Both titles should strive for more interaction with the player between active missions. Watch Dogs 2, in its truest sense, is a stealth game with a dash of puzzle-solving and platforming in the form of drone navigation. The driving is fine, but its also pointless. It’s just a means to get to the actual fun of the game when you choose to not fast travel. A smaller environment would not only highlight the under-utilized and fun-as-hell parkour mechanic, but also trim the unnecessary fat from one beast of a game.
A smaller world for Skyrim would simply alleviate or delegitimize its worst aspects: the more mind-numbing buffer quests, over-reliance on fast travel, and slow movement speed (even on horseback). The meat of Skyrim is instead found from the rich characters of its large cities, the dynamic nature of its world, and the hand-crafted side content that often outshines the Dragonborn’s main story.
This of course, would also leave more time for developers and designers to spend more time on the locations that the games actually focus on.
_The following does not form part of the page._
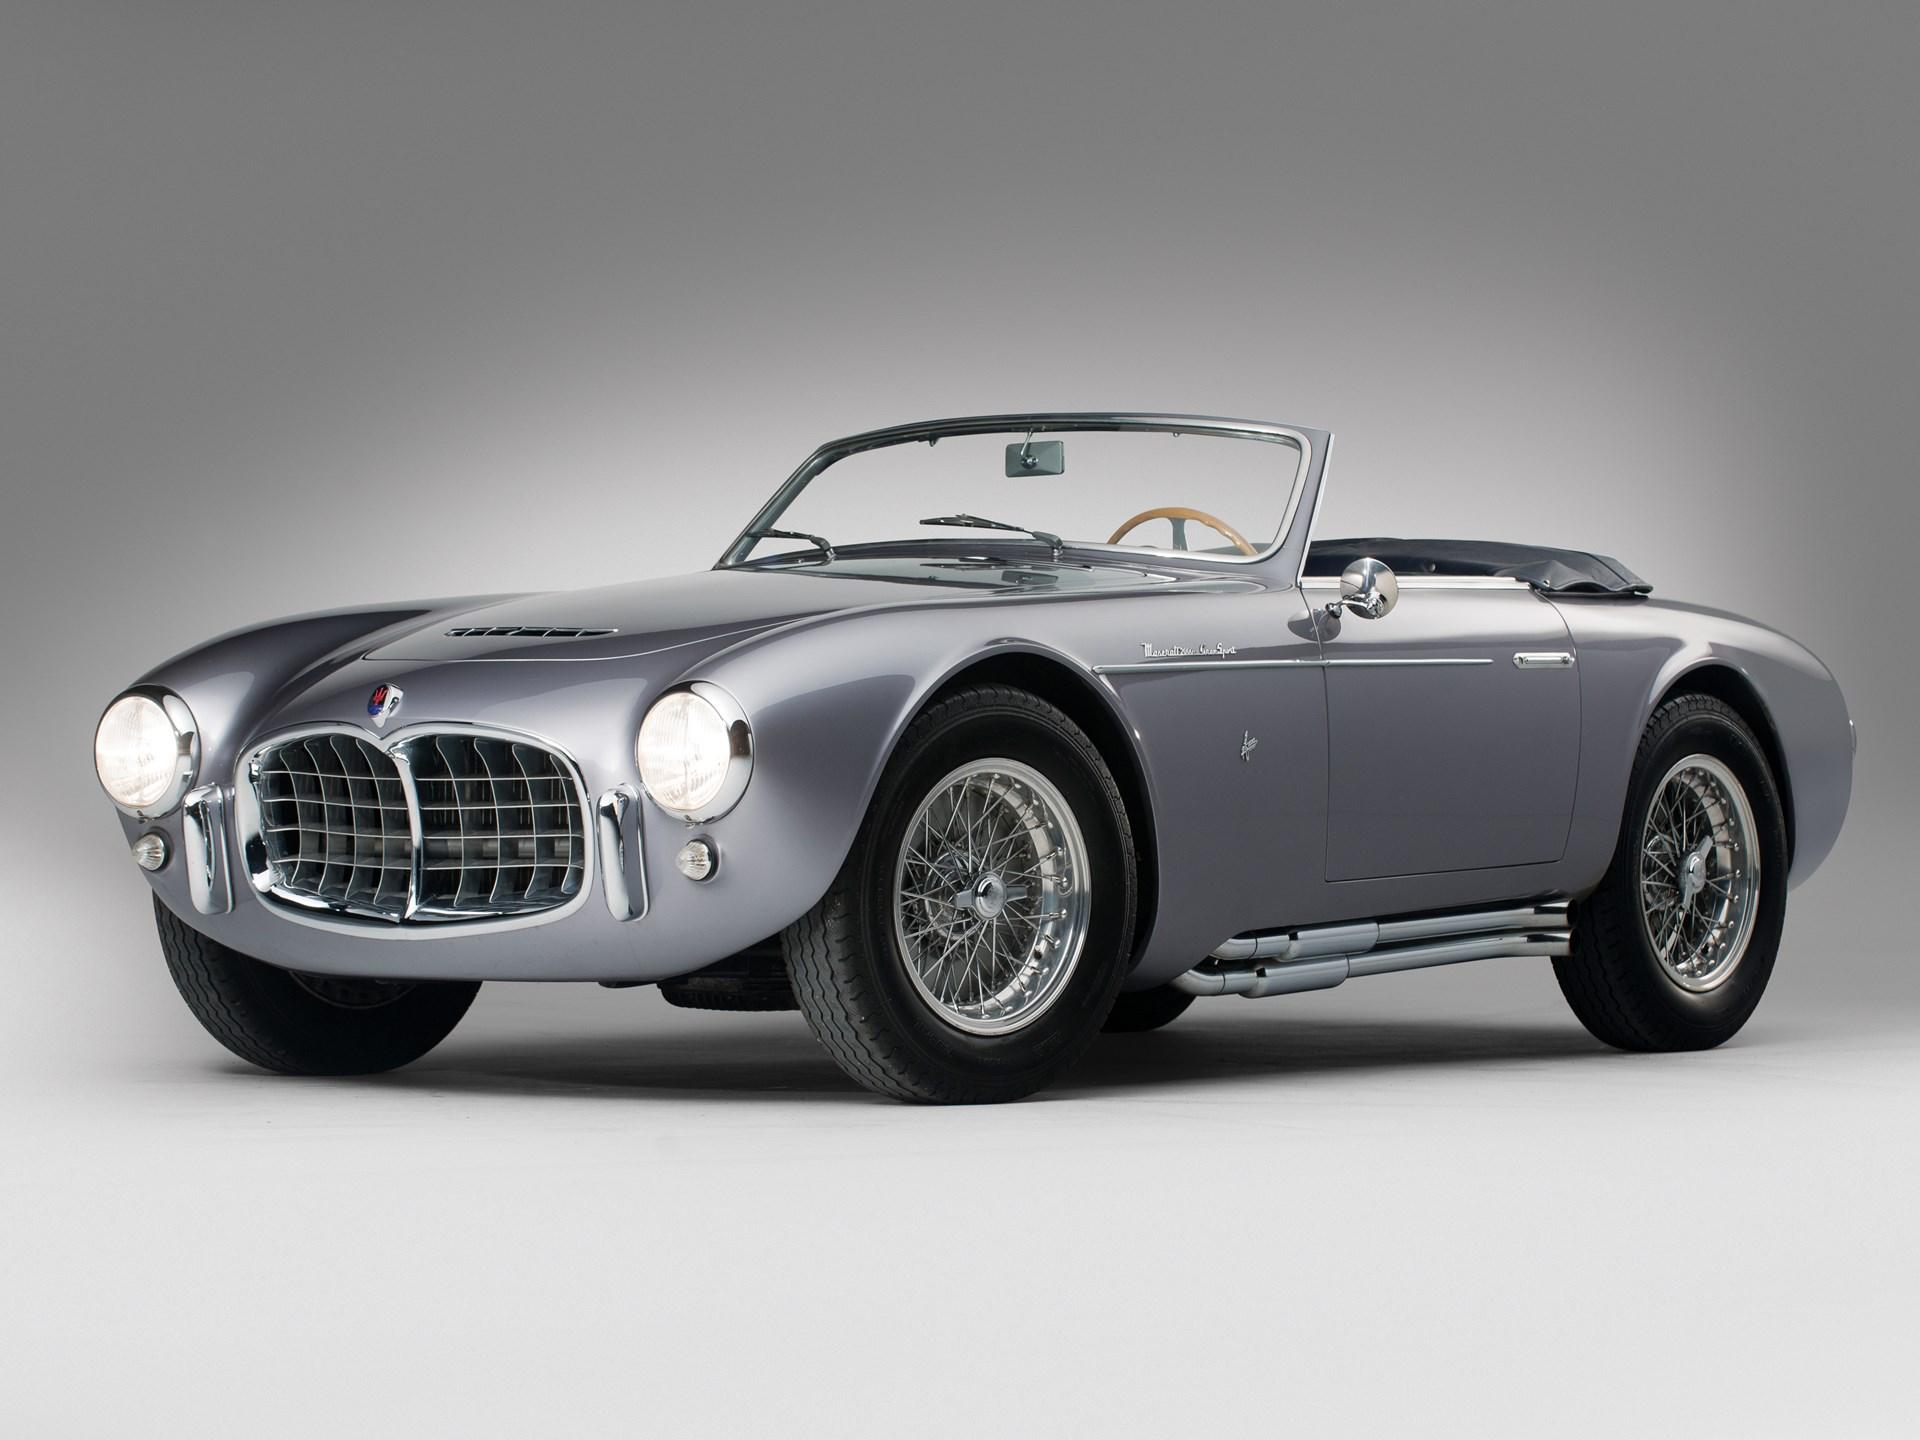 Maserati a6g 2000 for sale

The block around the DeadSec HQ or Skyrim’s main hubs could be feature more fully-realized building interiors, people to talk to, and things to customize. More importantly, designing a game around a more limited scope and raising the bar of what content is worth having raises the scale by which a game is judged–if a game is made up of only its greatest strengths, those strengths are what the game IS.
And this is something that a game like Yakuza 0 understands oh so well.
Yakuza has everything you want in an open-world game: a great story, good characters, a vibrant world, interesting side content, circa-1988 SEGA arcades, breakdance fighting, you know, the works. It also has a total world size of about five square blocks at any given time. That sounds small, but in practice, it couldn’t feel more perfect. This is because Yakuza 0’s world is scaled based on the amount of quality content the game has to offer, not the other way around.
There is no room for filler: just compelling stories, some of the best humor seen in games (especially one localized from Japanese), and a combat system so ridiculous and easy that it’s impossible to not have a good time. Sure, the game benefits from taking place in a densely-packed city like Tokyo, but it still shows plenty of intelligent restraint.
The game could be about driving around a massive recreation of Tokyo, but instead it’s about strolling around lovingly crafted recreations of smaller boroughs in a much larger city. It’s a game about local issues: strong-arming Yakuzas, real estate beefs, nightclub wars, and sometimes even taxes.
Treks from destination to destination that would usually be one click of fast travel or seven minutes of driving in other games amounts to a quick jog down the street in Yakuza, maybe beating up some thugs or increasing your friendship with townspeople on your way. You spend your time traveling to objectives actually playing the game, instead of using handy shortcuts left by developers to make sure you don’t have to play the part they know is boring.
Yakuza accomplishes the feat of making its sandbox consistently un-boring, and that should be celebrated. Nothing feels missing because of its smaller size. Rather, it feels like a more complete game start to finish.
This is not to say that the perfect sandbox formula is one of a small world packed with the best content, but it is part of a better solution to a common problem in the genre. There is a lot to love and appreciate about a beautifully rendered city or fantasy world that boasts an impressive scale, but for that to be fully justified, the world should be packed with purposeful content that uses its space better, not generic dungeons or poorly-made side activities.
But in lieu of that, it’s worth considering a scaled-down world that creates a tighter and more consistent stream of quality gameplay.